The B-29 Superfortress was shot down over Japan, and its crew members parachuted out. Captured, they were imprisoned in the Tokyo Military Prison near Emperor Hirohito’s Imperial Palace, the former site of the Endo Castle near the center of Tokyo.
The Battle of Okinawa was being fought on the same day that the B-29 Superfortress lifted off as part of the 500th Bomber Group 73rd Wing operating on Saipan Island.
Alpheus Gordon Carle was born in 1918 in Covington, the son of Georgia Agusta Murphy Carle. She soon moved from Covington to Boston, Mass. Alpheus grew up in Boston and enlisted in the U. S. Army Air Corps on Nov. 5, 1942.
Unlike the late Jack Kimberlin of Clifton Forge who flew 29 bombing missions over Germany as a B-29 Superfortress pilot during World War II and returned home safely, 1st Lt. Alpheus, the command pilot of the B-29 Superfortress that participated with more than 300 other B-29 Superfortresses on the bombing mission on April 13 and 14, 1945 of the Tokyo Arsenal, never returned.
During the night raid, Alpheus’ aircraft was one of seven that was shot down, and the crew’s radar observer, George Jochin Kruse Jr., was killed in the crash.
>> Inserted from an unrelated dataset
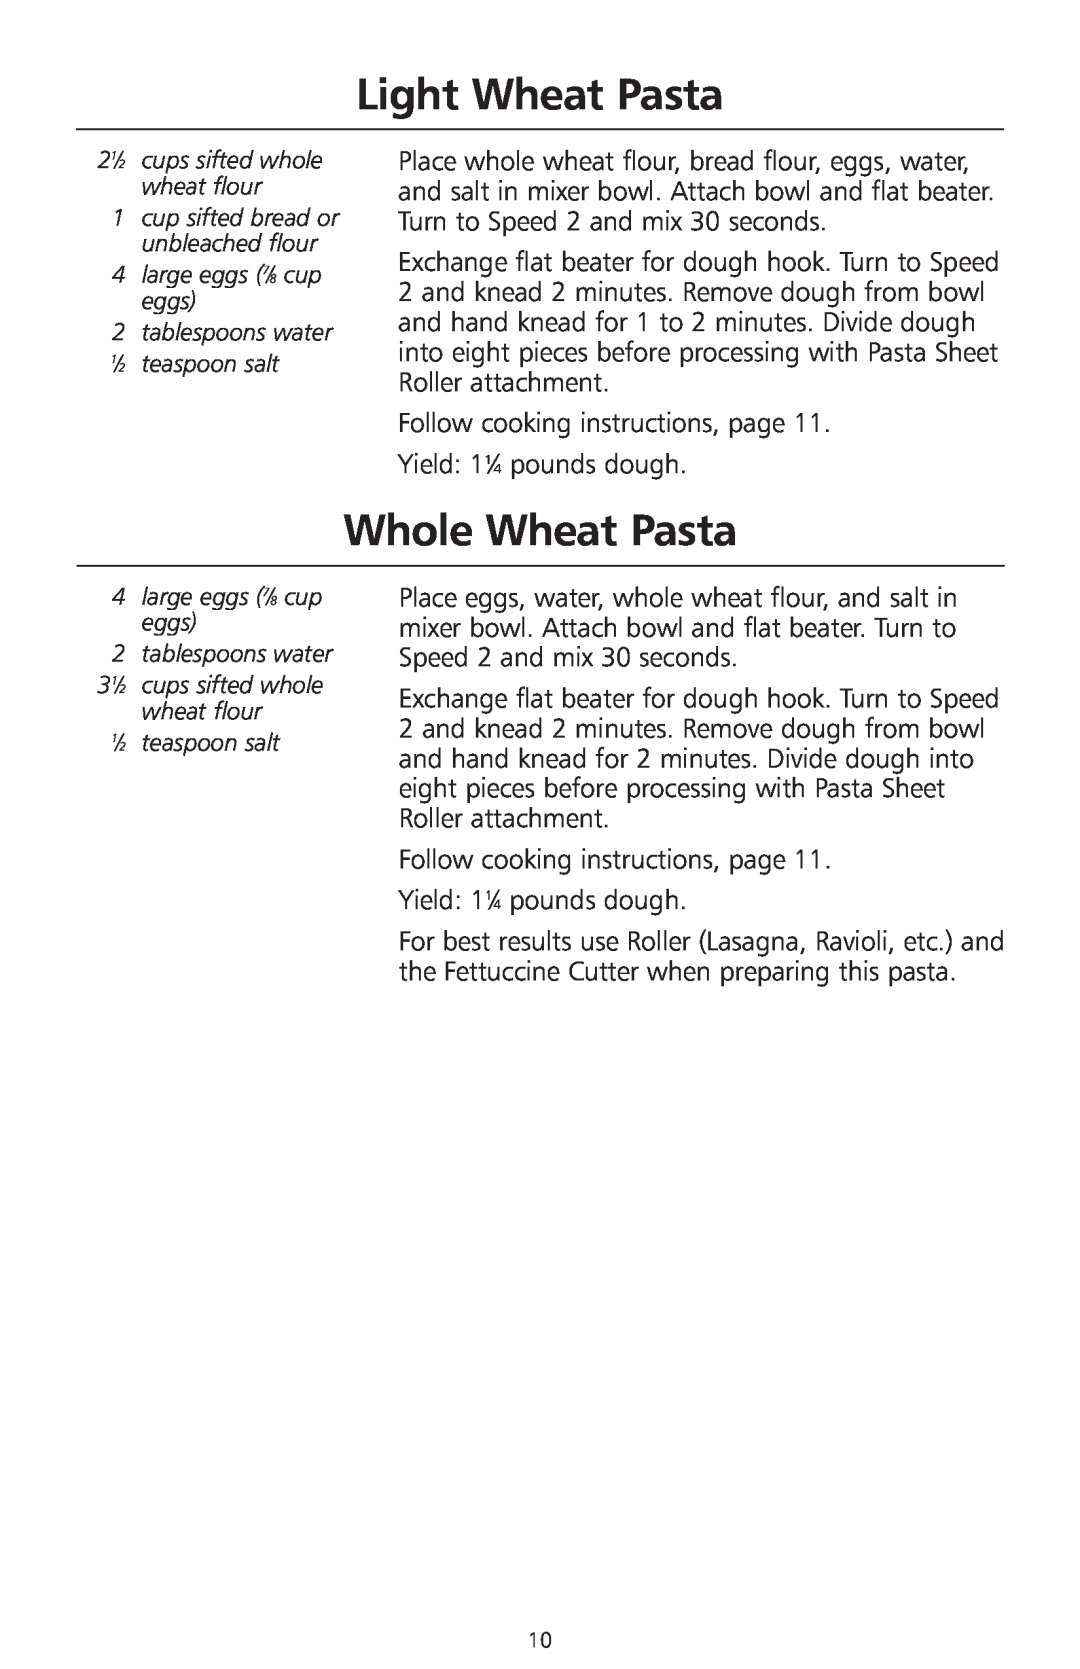 KitchenAid KPRA manual Light Wheat Pasta, Whole Wheat Pasta

The other crew members were captured in Sanuma, Omiya Village, Japan and imprisoned with other U.S. airmen in the Tokyo Military Prison.
In the Pacific Theater of War, the United States Army Air Corps had lacked airbases from which to launch bombing raids on Tokyo until the Mariana Islands were captured and airstrips built on Saipan, Tinian and Guam. On Nov. 17, 1944, the USAAF had launched its first bombing raid of Tokyo from Saipan.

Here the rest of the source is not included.